Ability to perceive and ability to approach or be approachable
‘Ability to perceive’ relates to patients perceiving the need for care and their perceptions about potential engagement with services, mediated by expectations and trust. ‘Ability to approach and be approachable’ includes both staff’s ability to approach patients via outreach and their approachability, shaped by information available to patients about services and transparency of care processes.11
Approachability of services was affected by general practices’ efforts to control practice space(s) to reduce COVID-19 spread. Associated changes to access arrangements, particularly increased remote consultations and care navigation, were seen by some patients as exceptional rather than a direction of travel dramatically accelerated by the pandemic. Some patients appreciated the increased flexibility associated with remote appointments; others found the emphasis on the technology, systems and processes associated with them—particularly telephone and online appointment request tools—reduced approachability (A823k, FG(07/22)).

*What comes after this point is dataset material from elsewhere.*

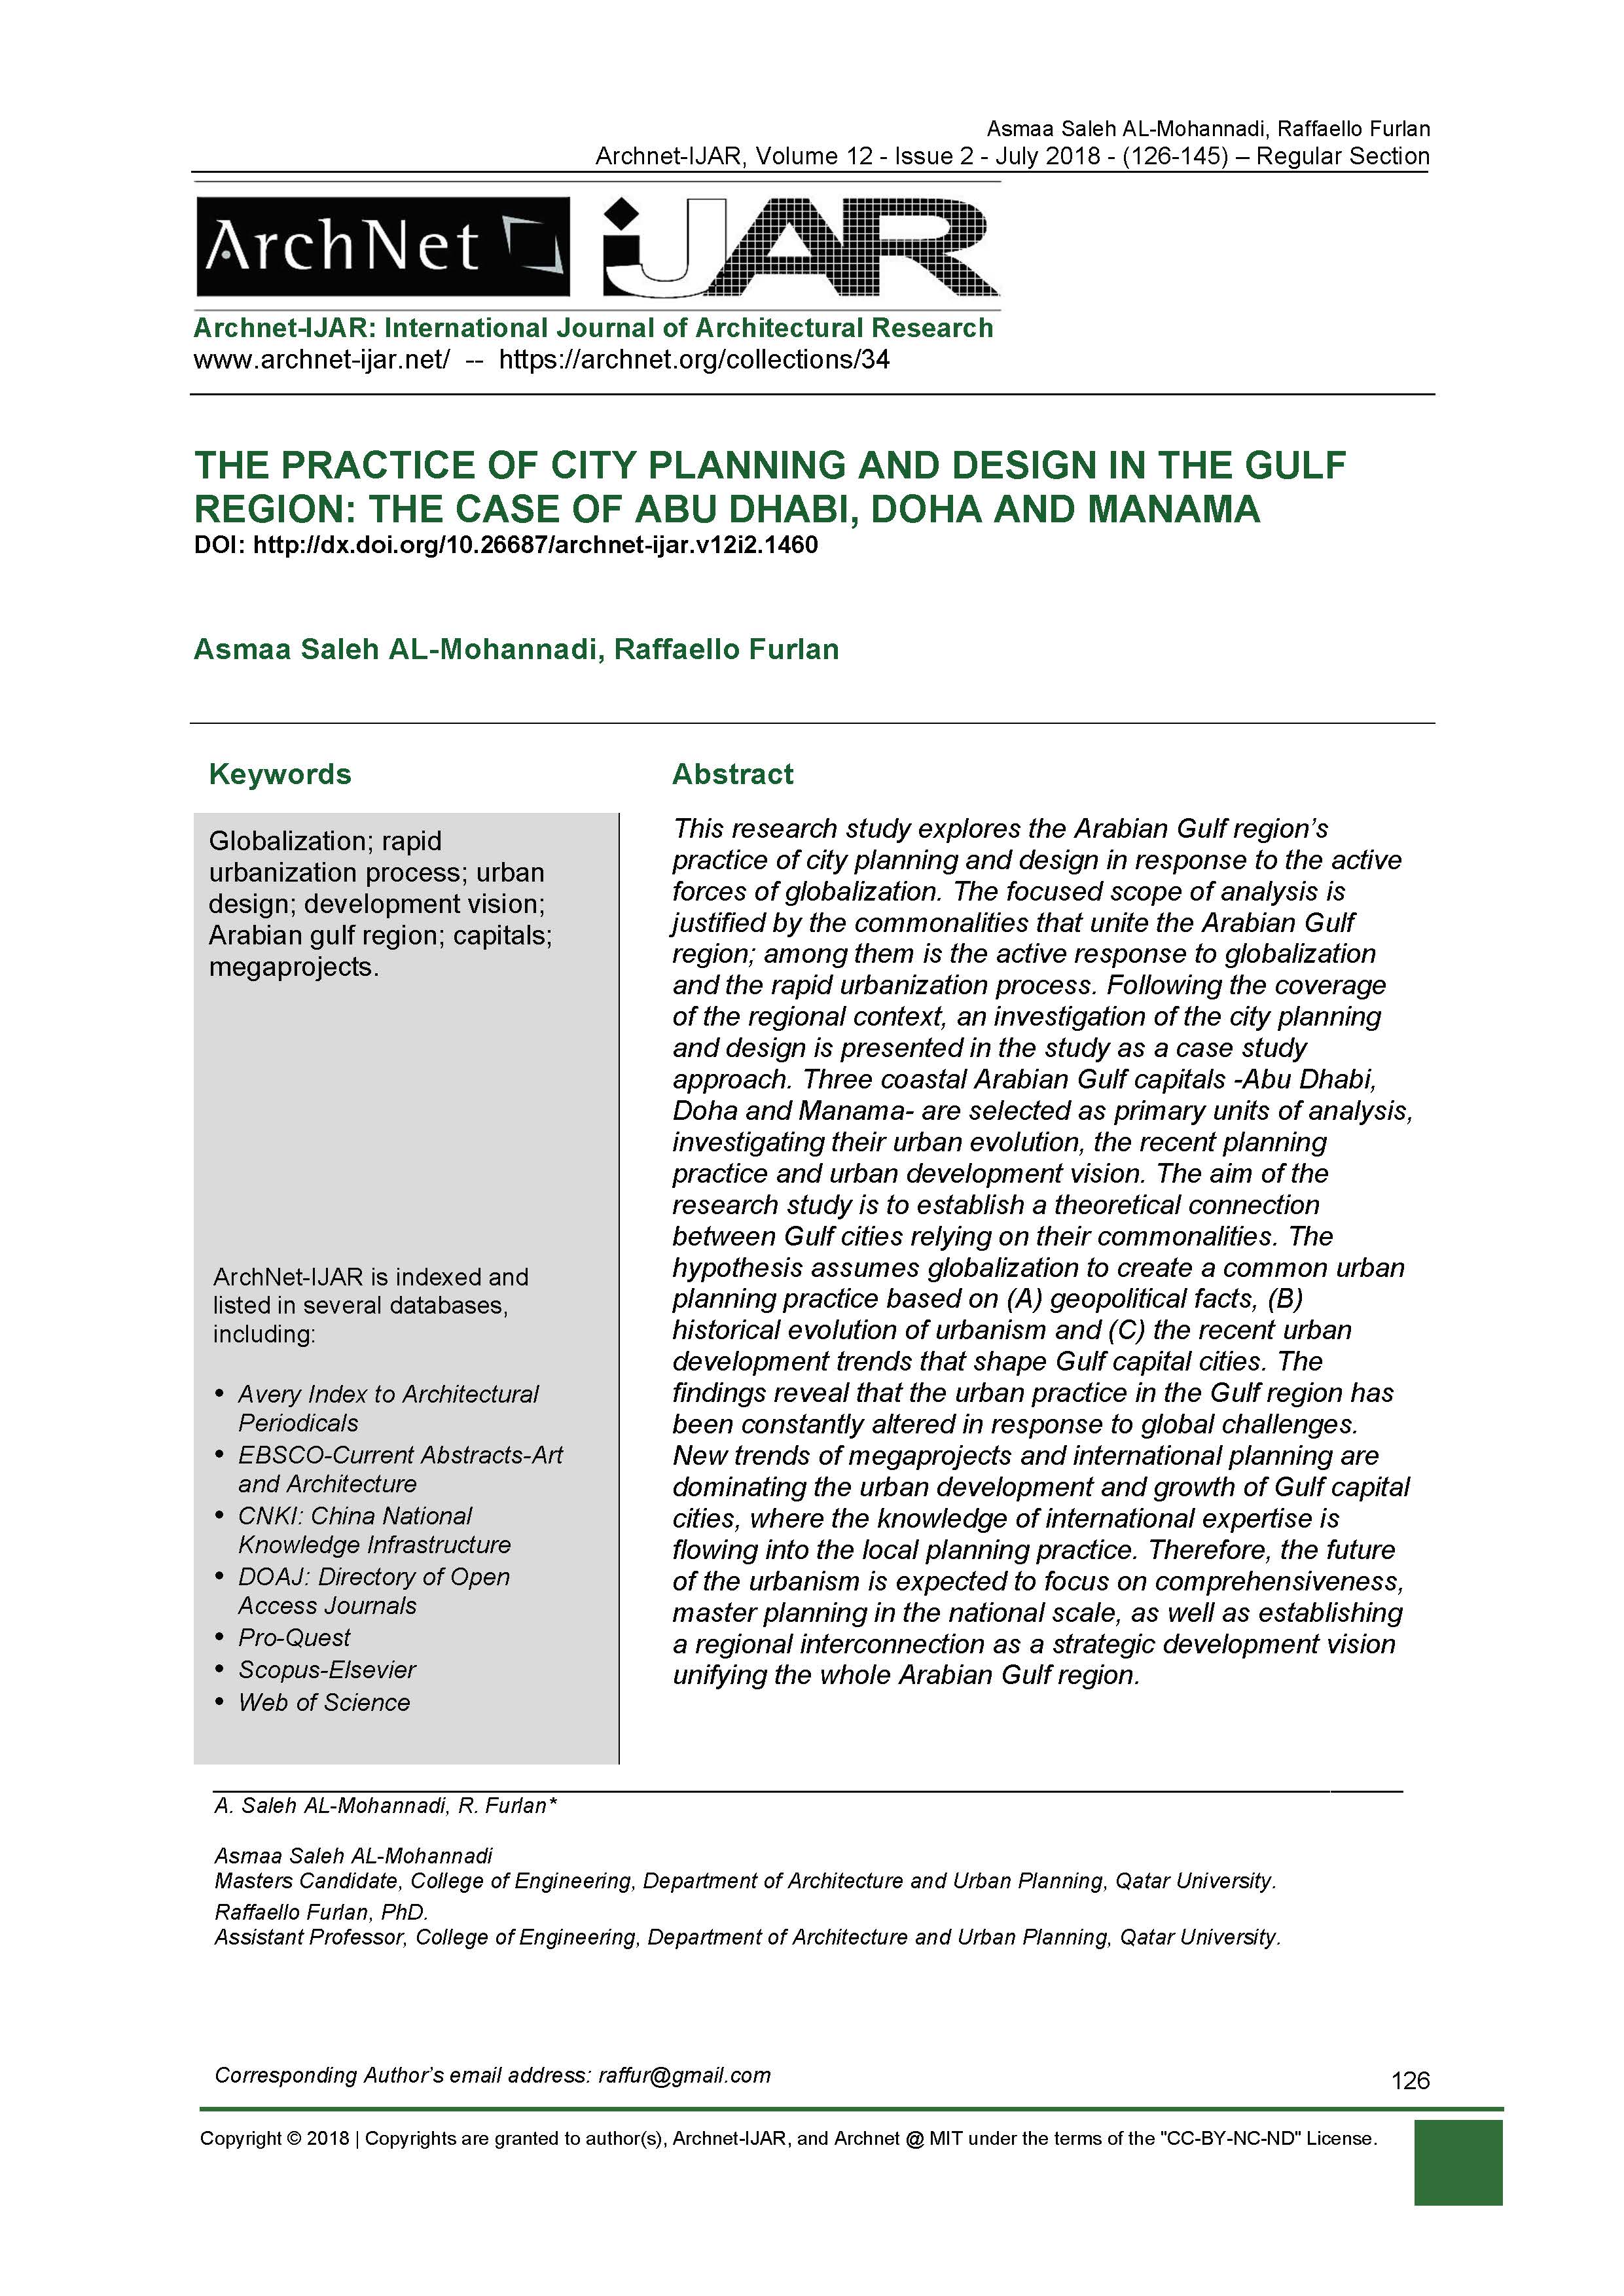 The Practice of City Planning and Design in the Gulf Region: The Case of Abu Dhabi, Doha and Manama

There was a sense expressed by some patients that they no longer knew the expectations of them as patients, which reflects the concept and theory of candidacy,23 and found the array of options for engaging with their practice overwhelming. This created unpredictability about what would happen, often seen through the ‘COVID-19-related changes’ lens, and contrasted with simpler, more predictable arrangements pre-pandemic such as arriving at the practice, taking a numbered ticket and waiting (A2246, FG(06/22)). This connected to a broader narrative that, by mid-2022, the pandemic was being used as an excuse for introducing access and service delivery arrangements which were unsatisfactory for patients but preferable to staff in general practice.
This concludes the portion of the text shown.